• [What needs to be done]
Please reproduce the data exactly, though every picture must stay out.

• [Data extract]
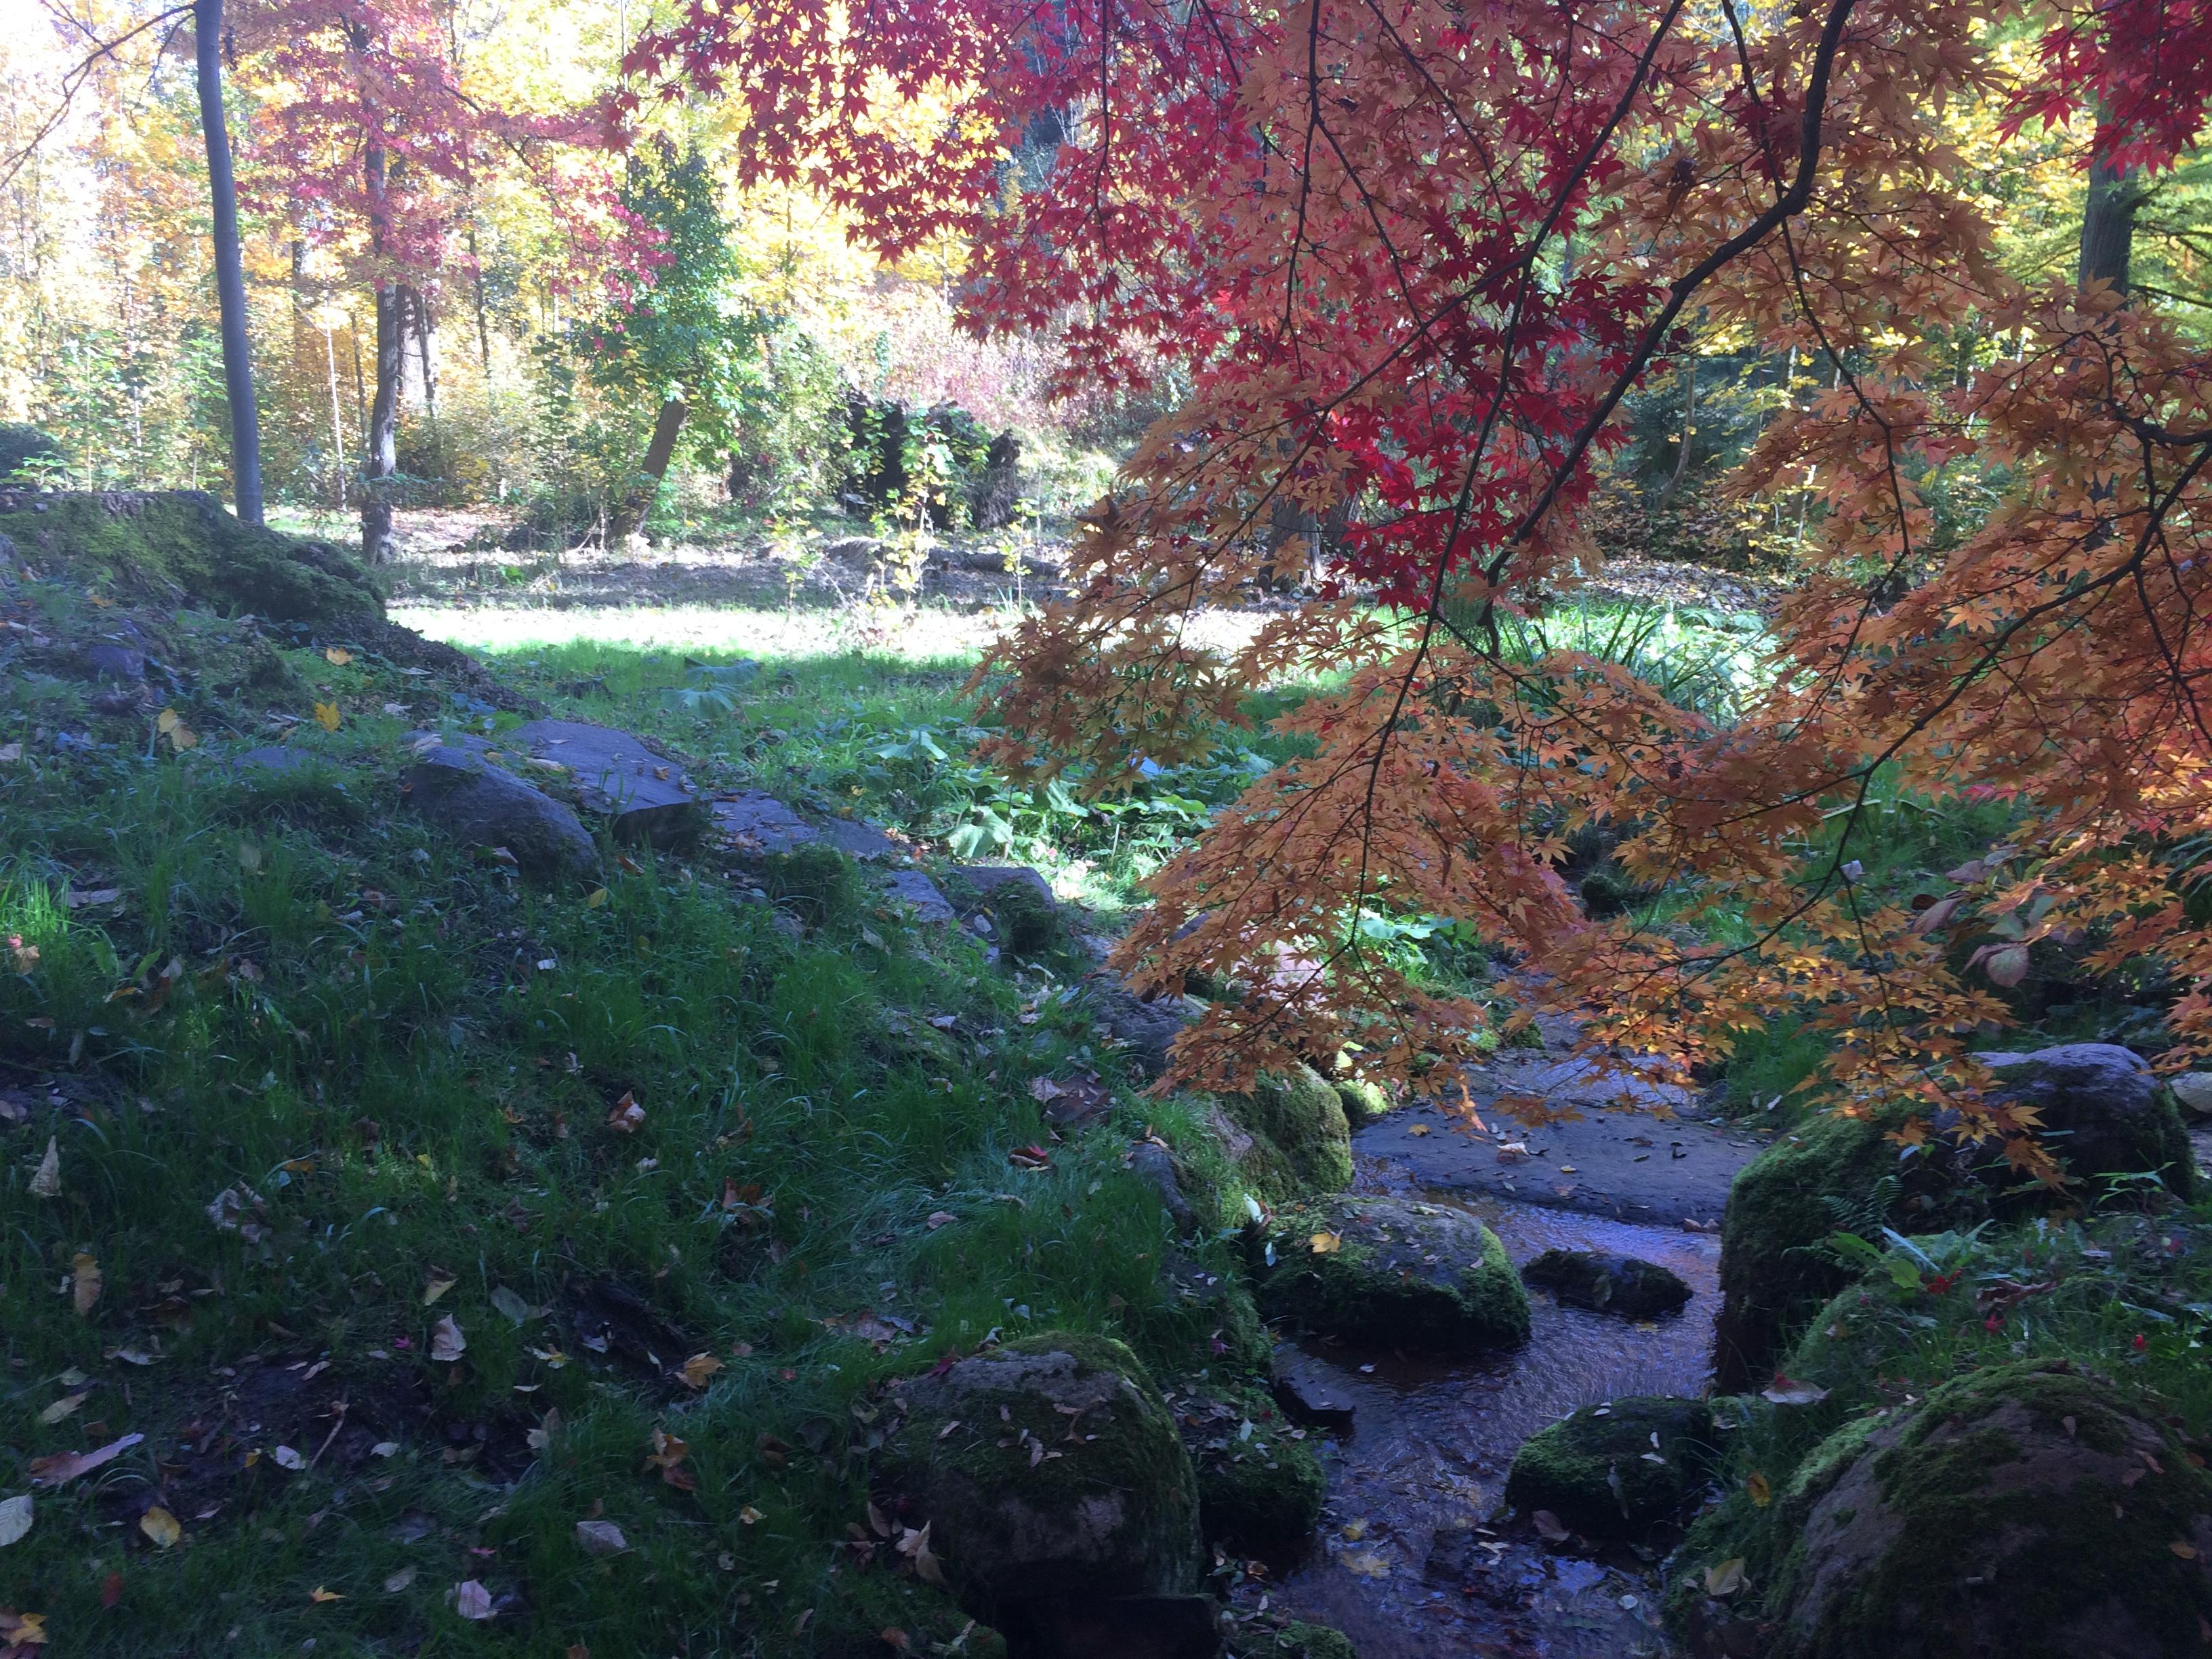 Botaniczna Piątka - edycja jesienna wirtu@lna
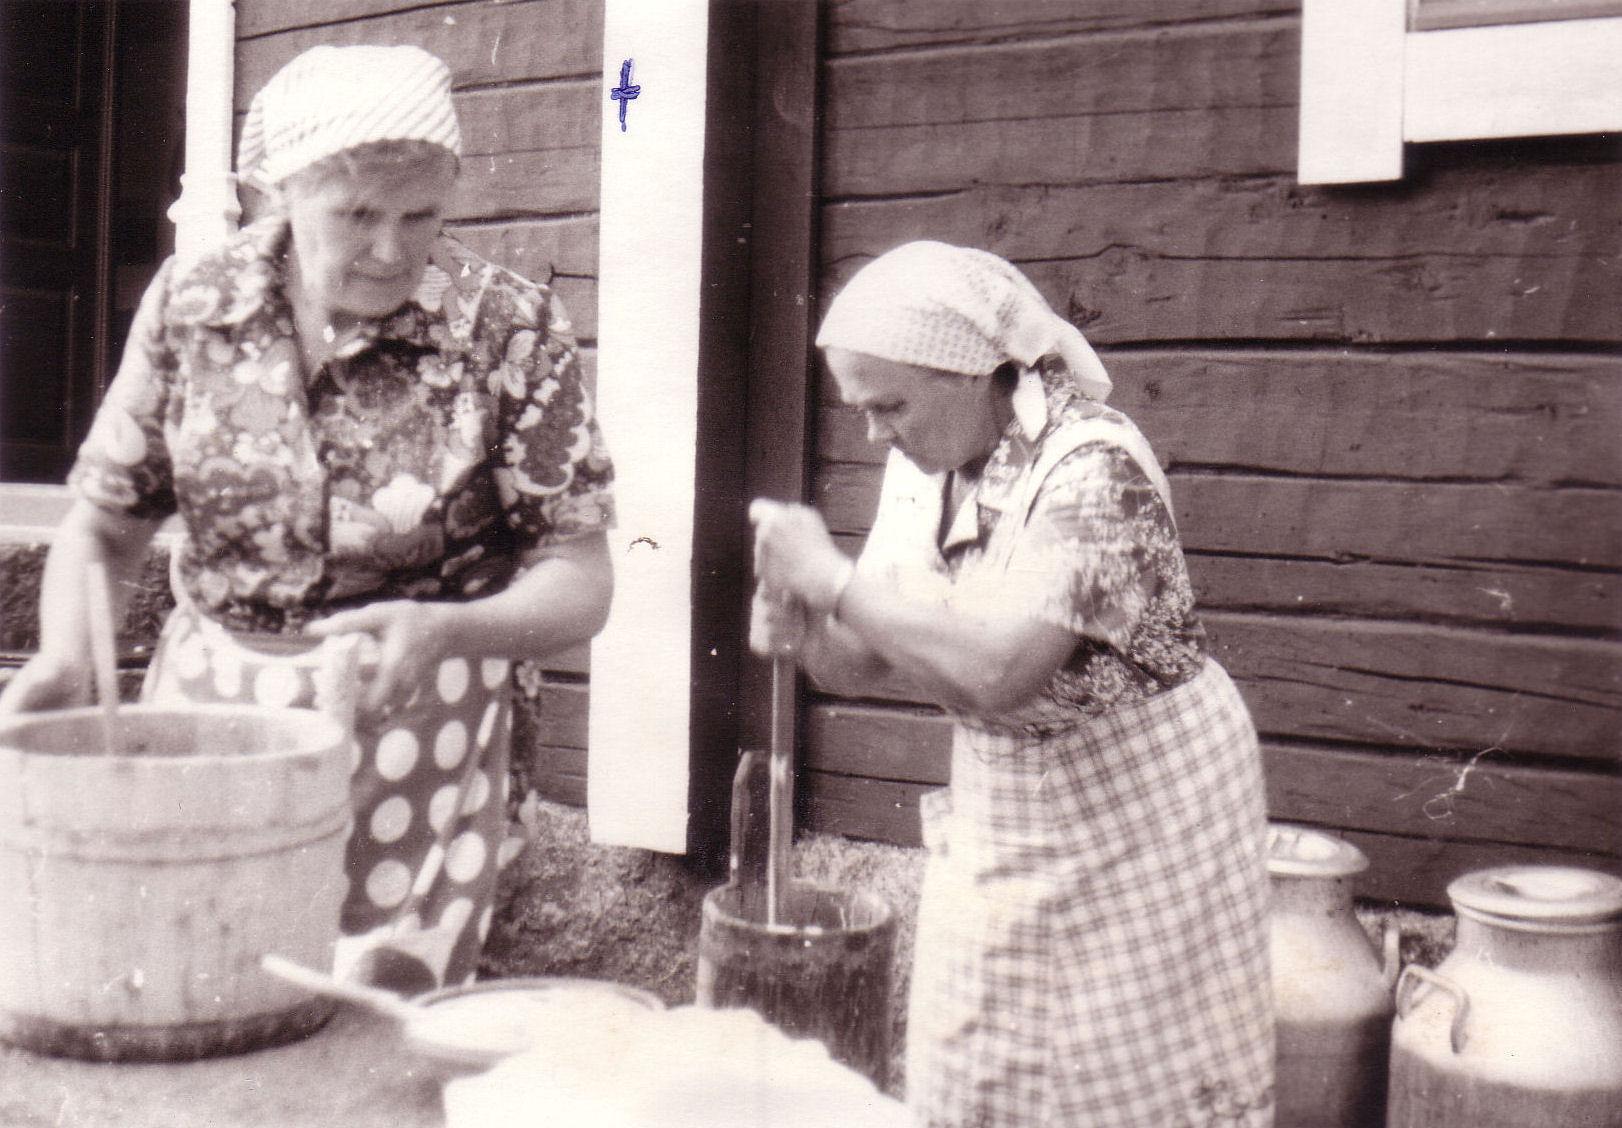 Kurikan päivät 1977 voinkirnuaminen
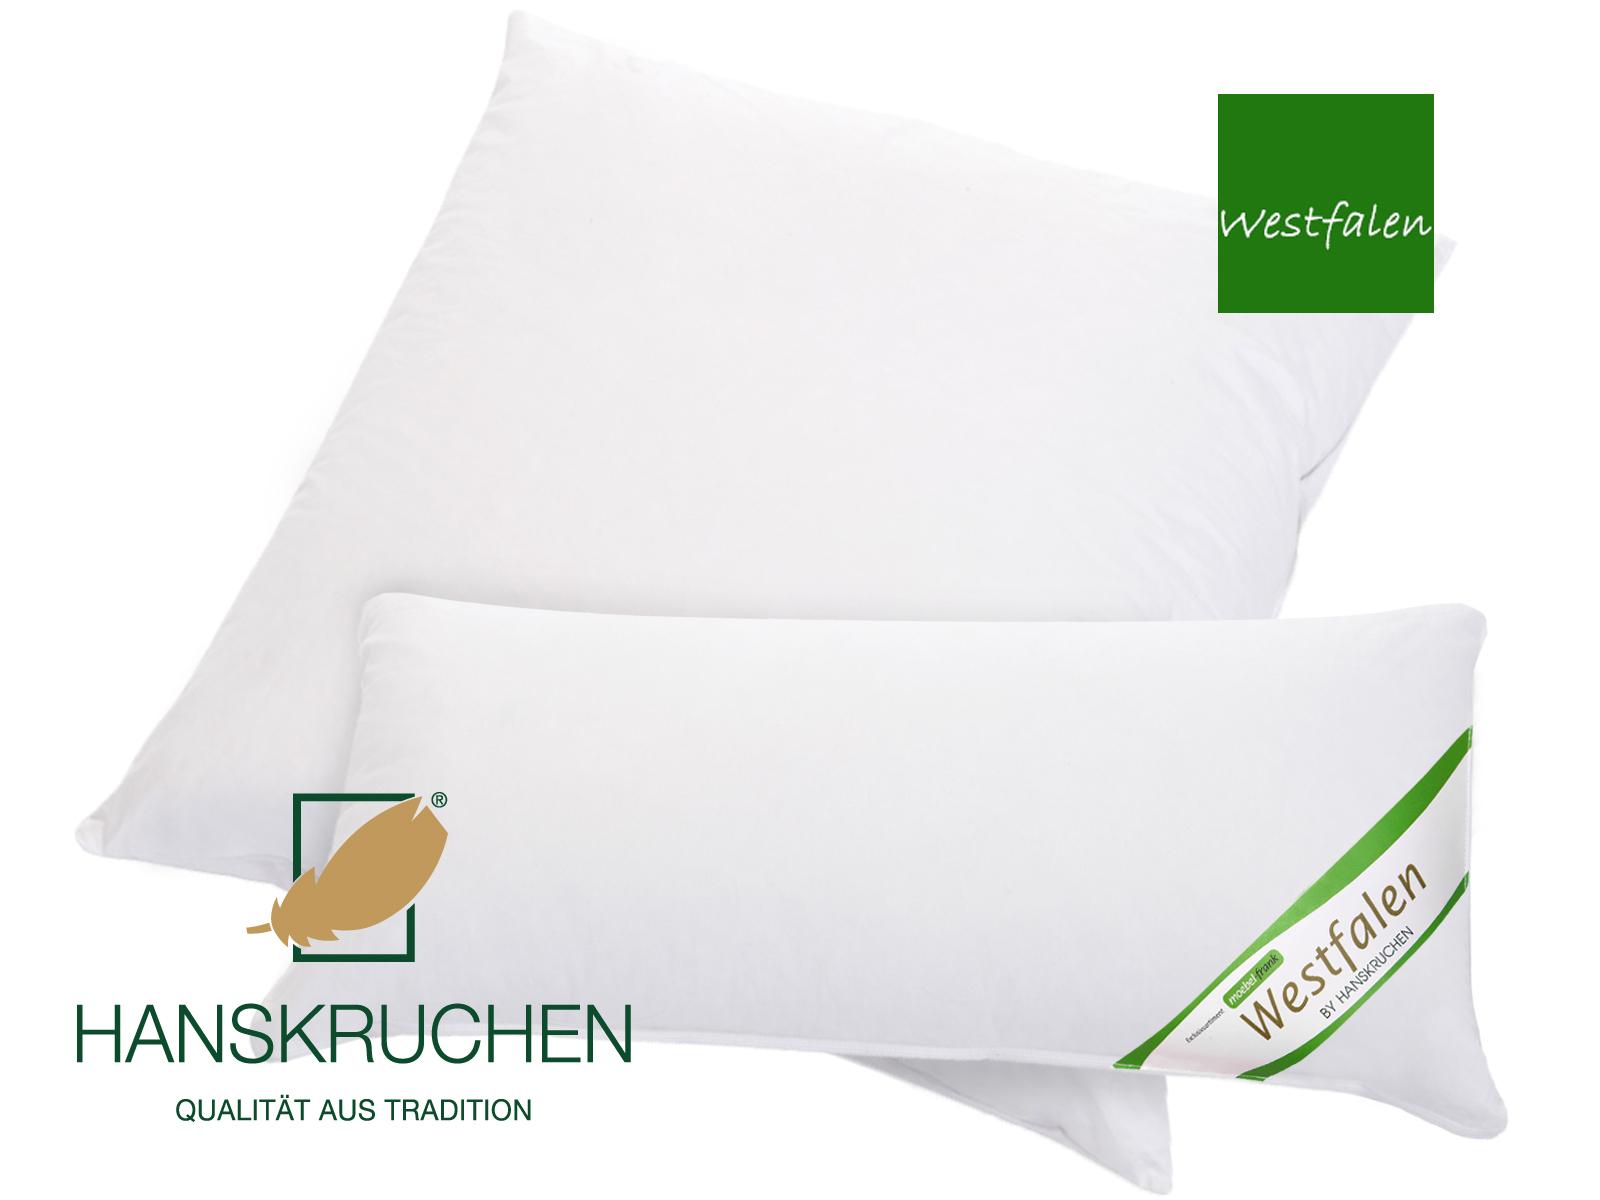 Kopfkissen neue westfälische Landfedern und Daunen Klasse 1 Baumwolle Deutsches Qualitätsprodukt Hanskruchen – Bild 1

• [Completed exercise]
 Botaniczna Piątka - edycja jesienna wirtu@lna
 Kurikan päivät 1977 voinkirnuaminen
 Kopfkissen neue westfälische Landfedern und Daunen Klasse 1 Baumwolle Deutsches Qualitätsprodukt Hanskruchen – Bild 1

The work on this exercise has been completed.